Records from a data collection:
○ ○ ○

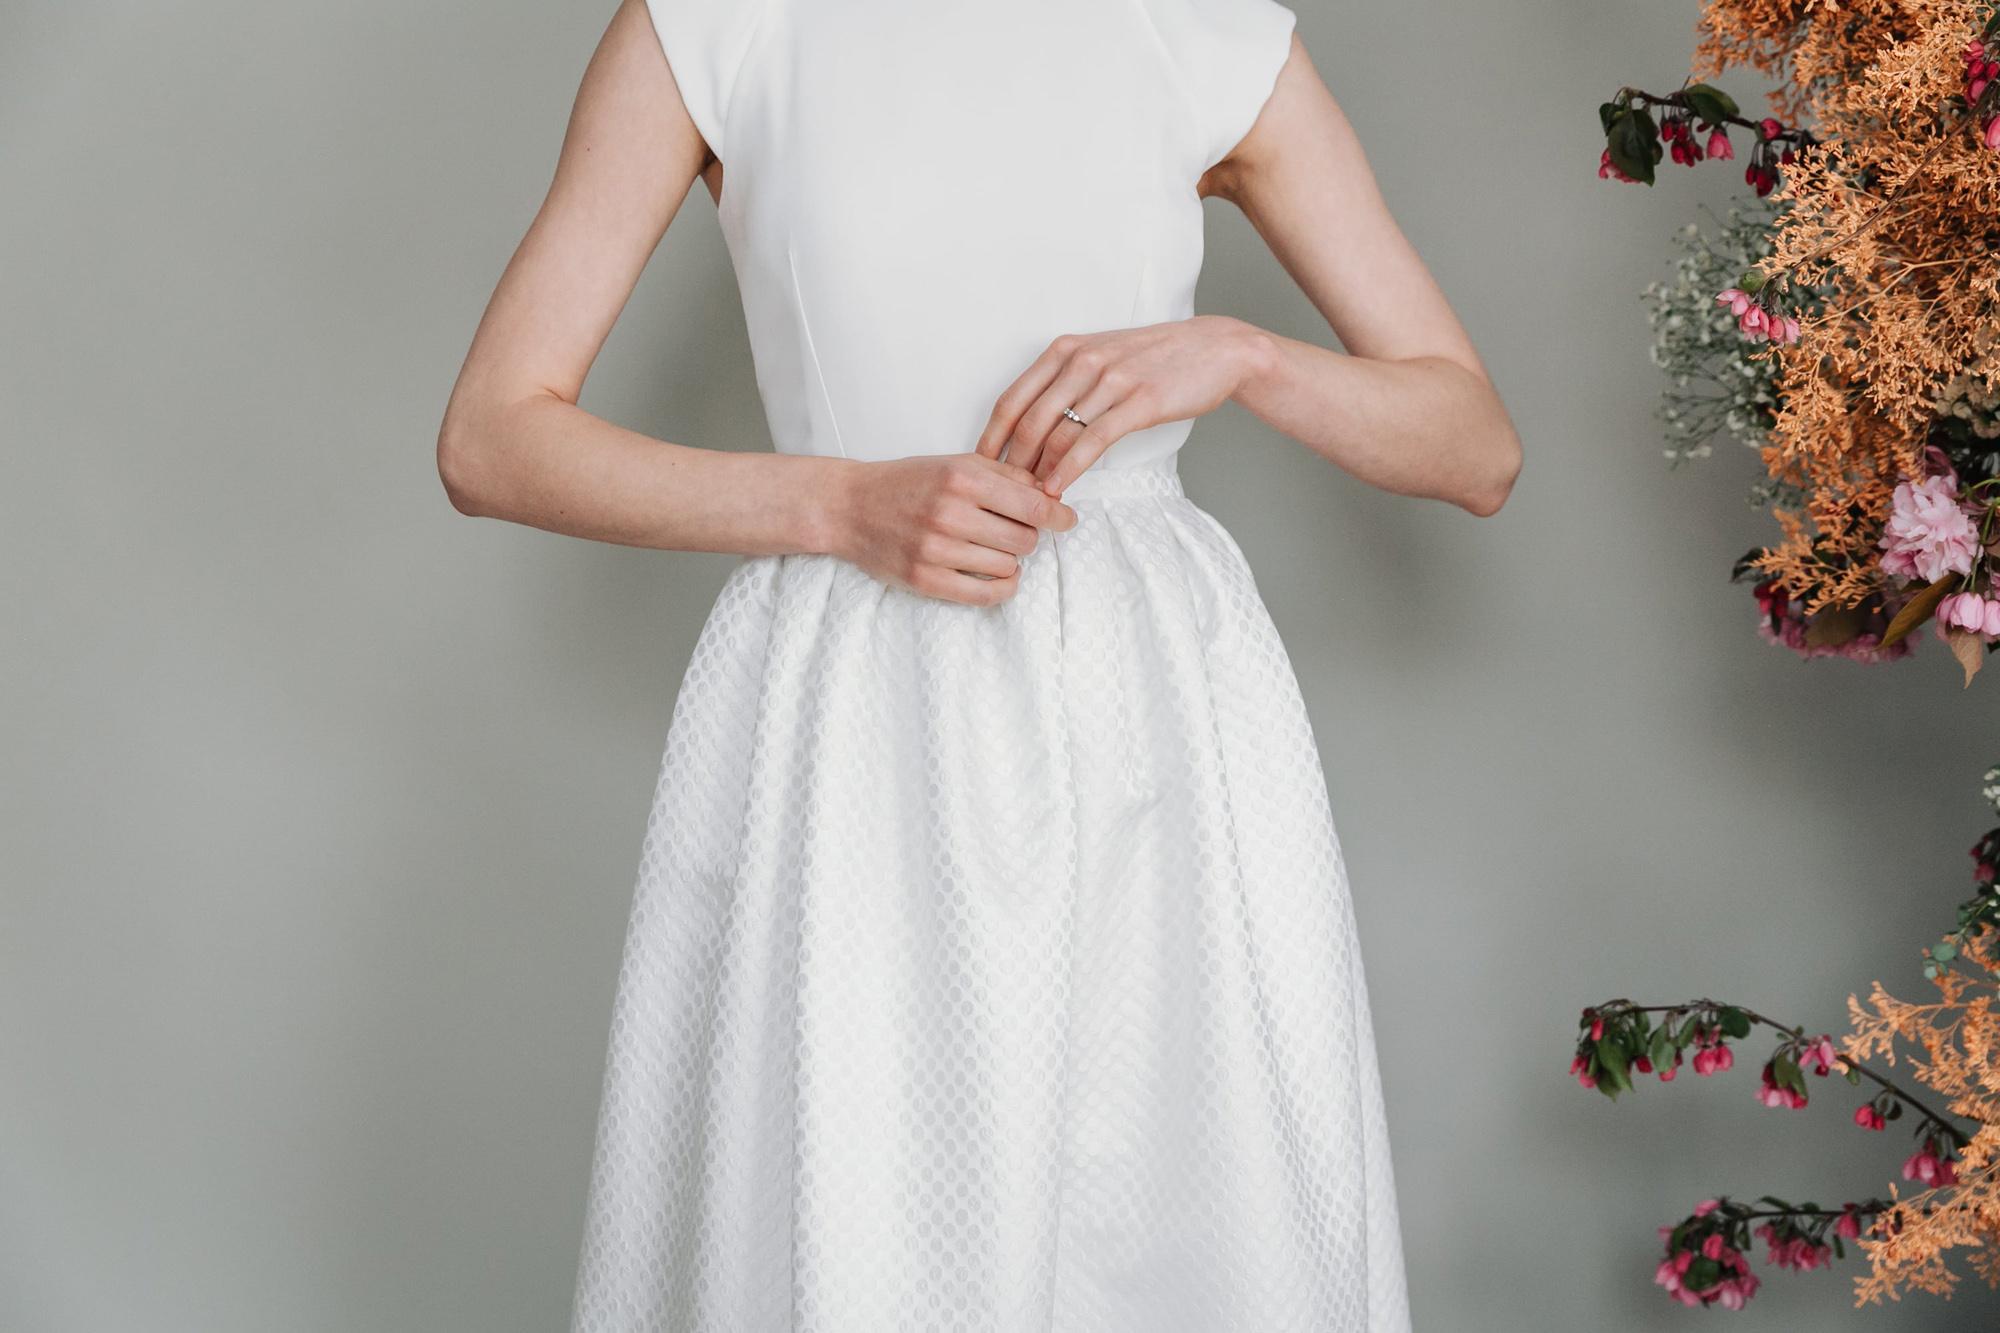 Kate-Beaumont-Sheffield-Zinnia-Modern-Wedding-Gown-Polka-Dot-Pleated-Skirt-5.jpg
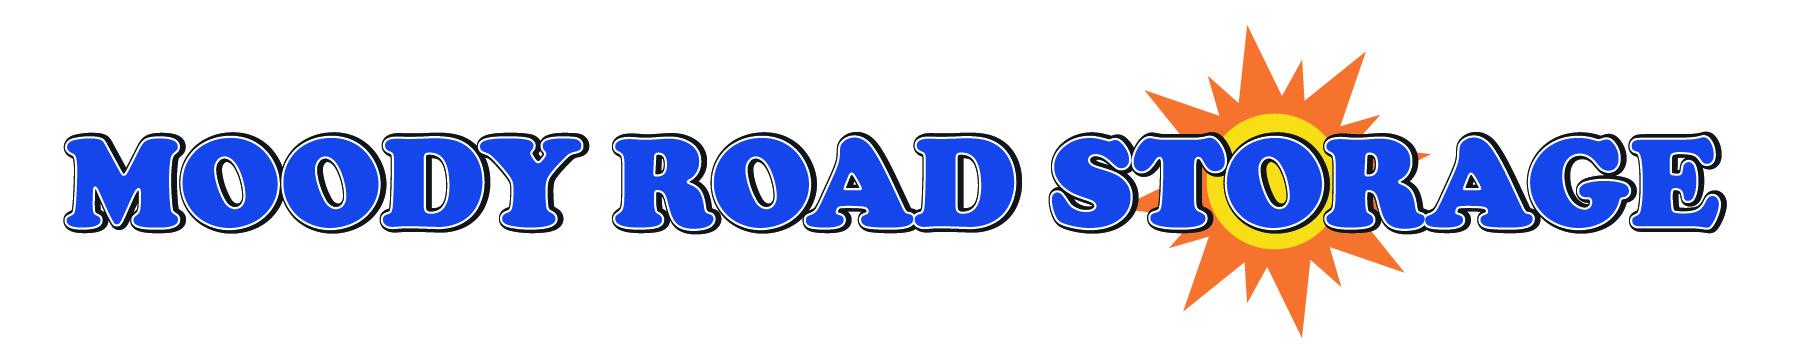 Moody Road Storage
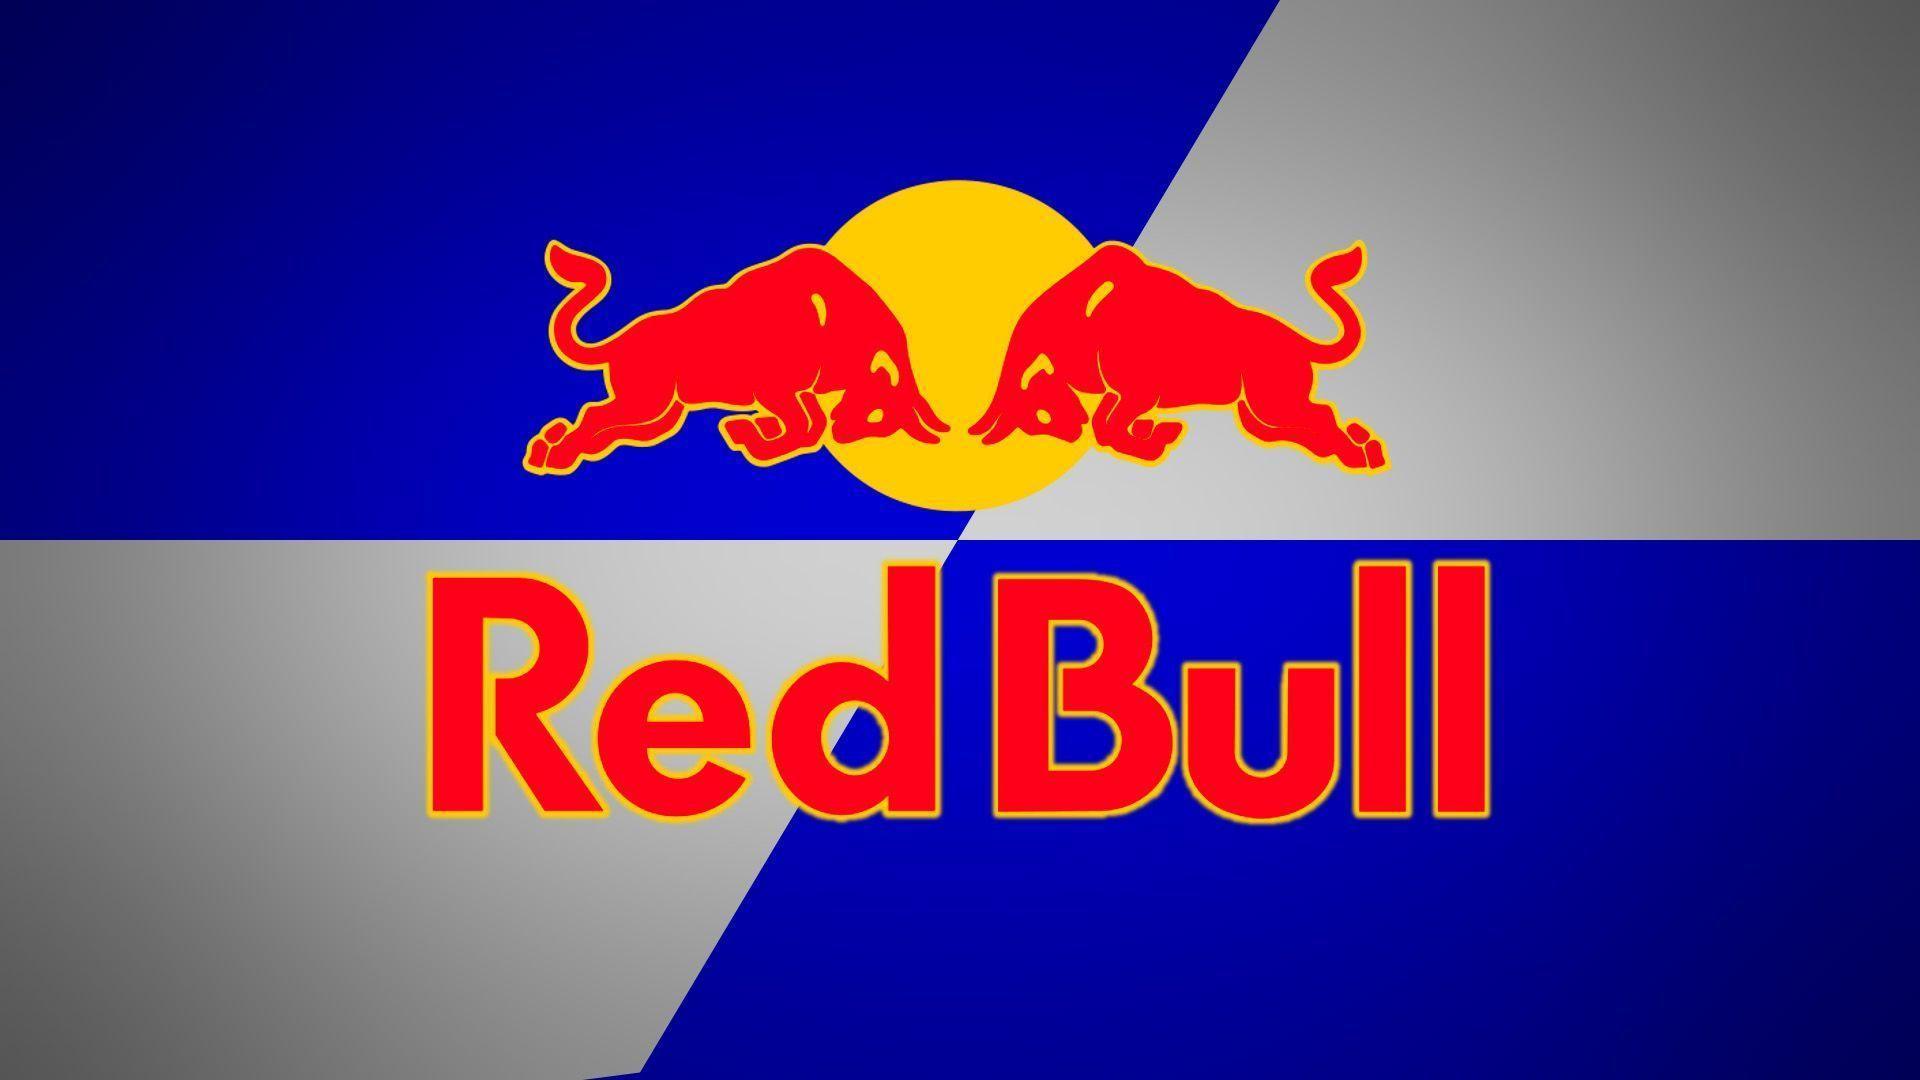 Red Bull Logo Pics
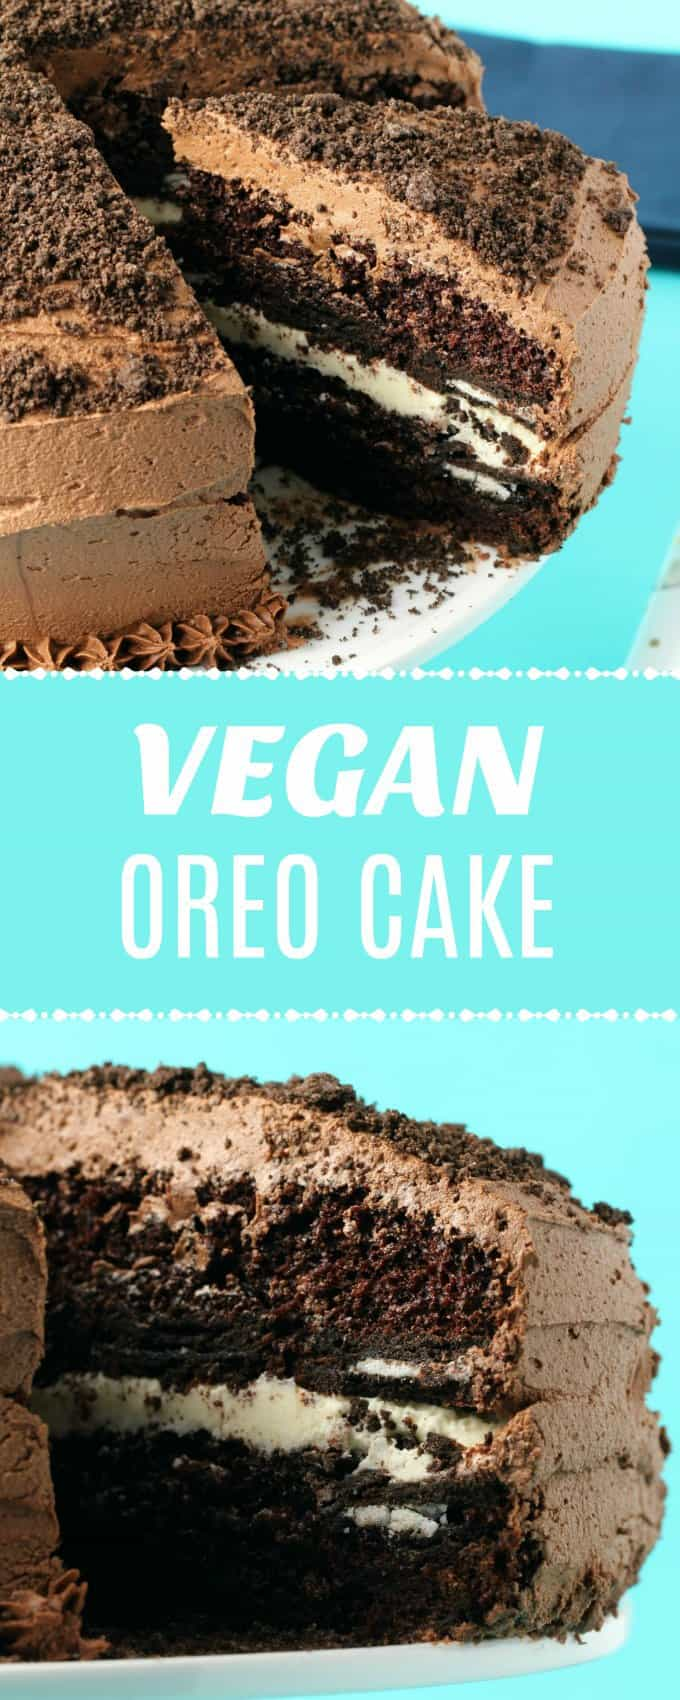 Vegan Oreo Cake
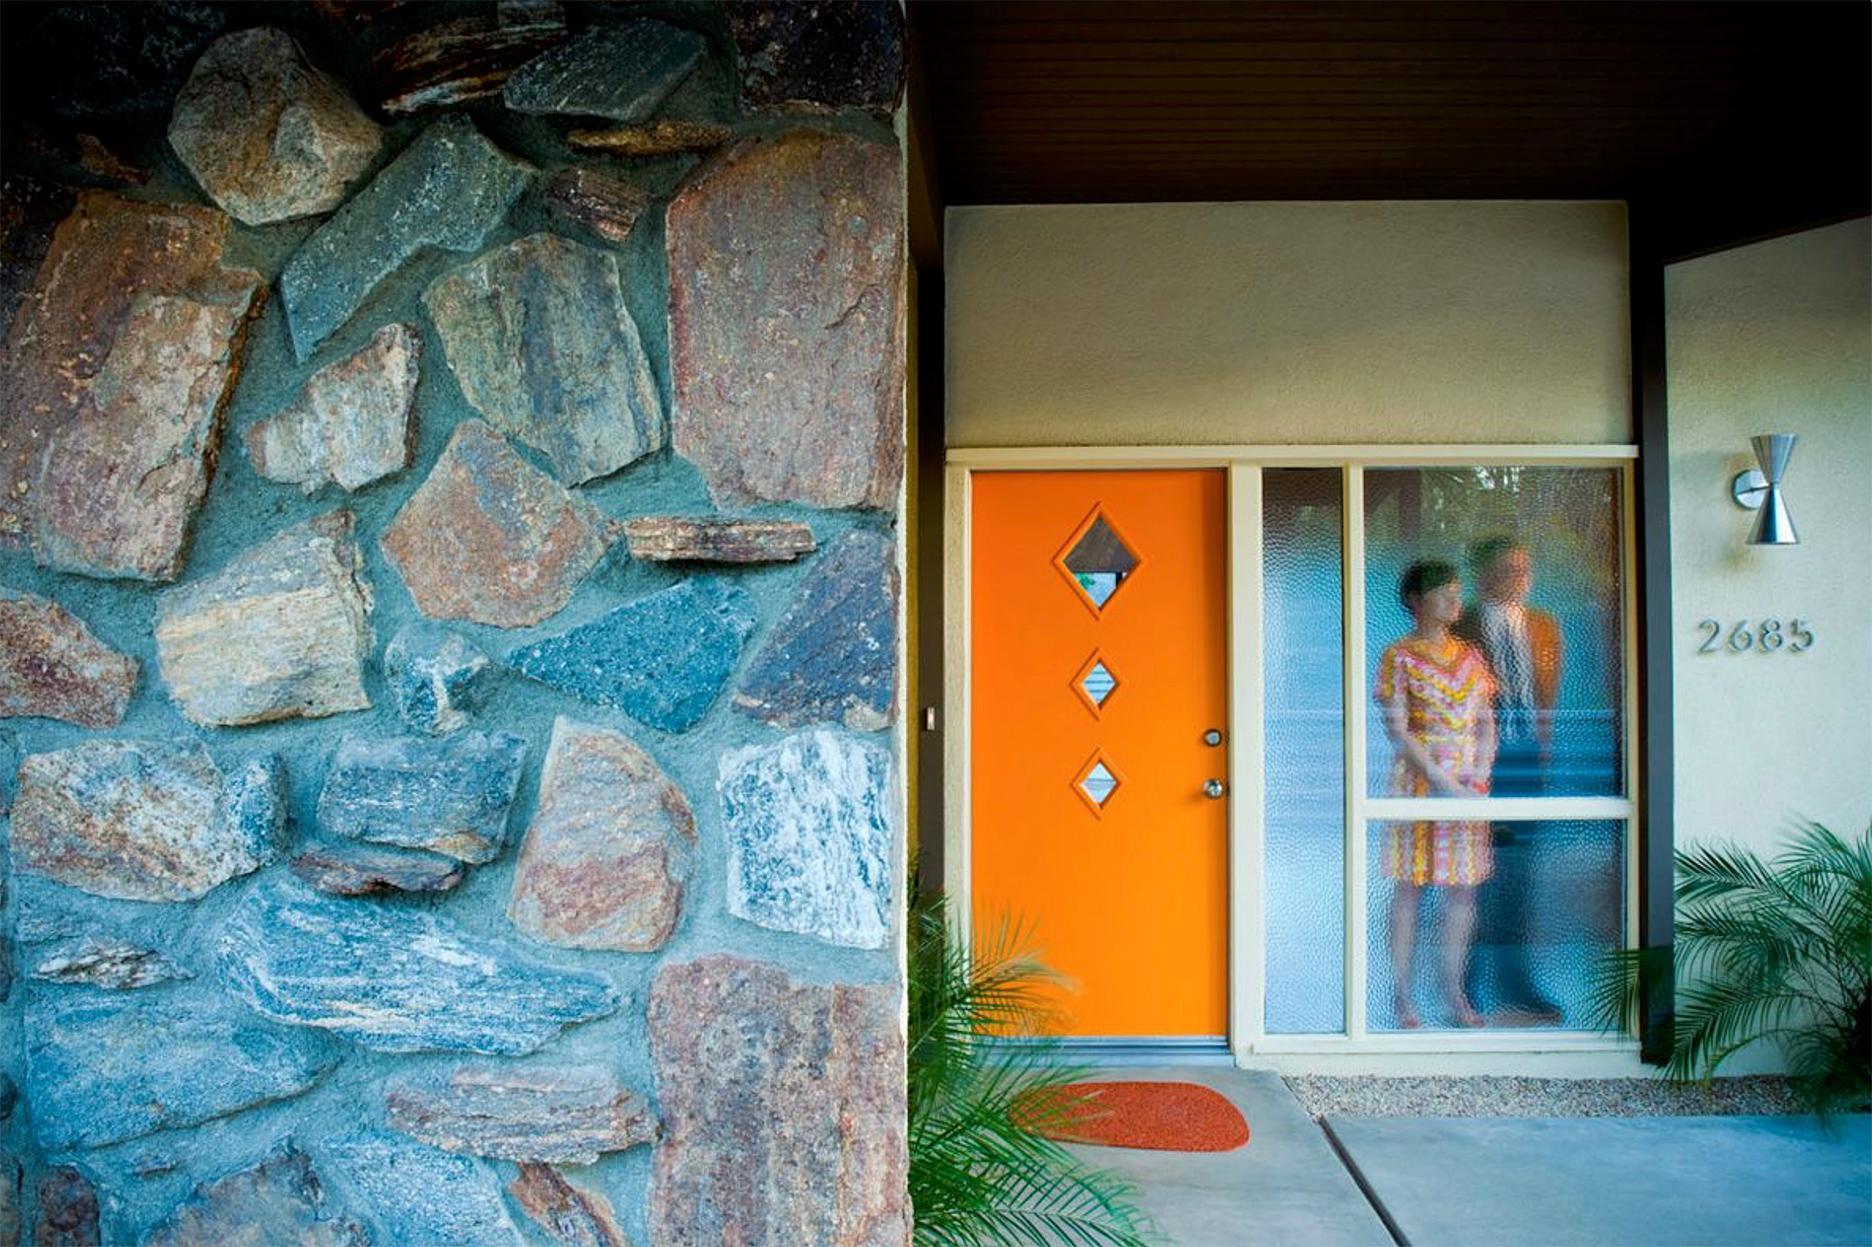 """Modernist Couple Behind Window"" James Schnepf Modernism Photograph Palm Springs"

○ ○ ○

REQUIRED WORK
The answer must be an exact copy of the lines from the one that holds "Red Bull Logo Pics" through the end of the data, both included, with no pictures.

ANSWER TO THE PROBLEM
 Red Bull Logo Pics
 Vegan Oreo Cake
 """Modernist Couple Behind Window"" James Schnepf Modernism Photograph Palm Springs"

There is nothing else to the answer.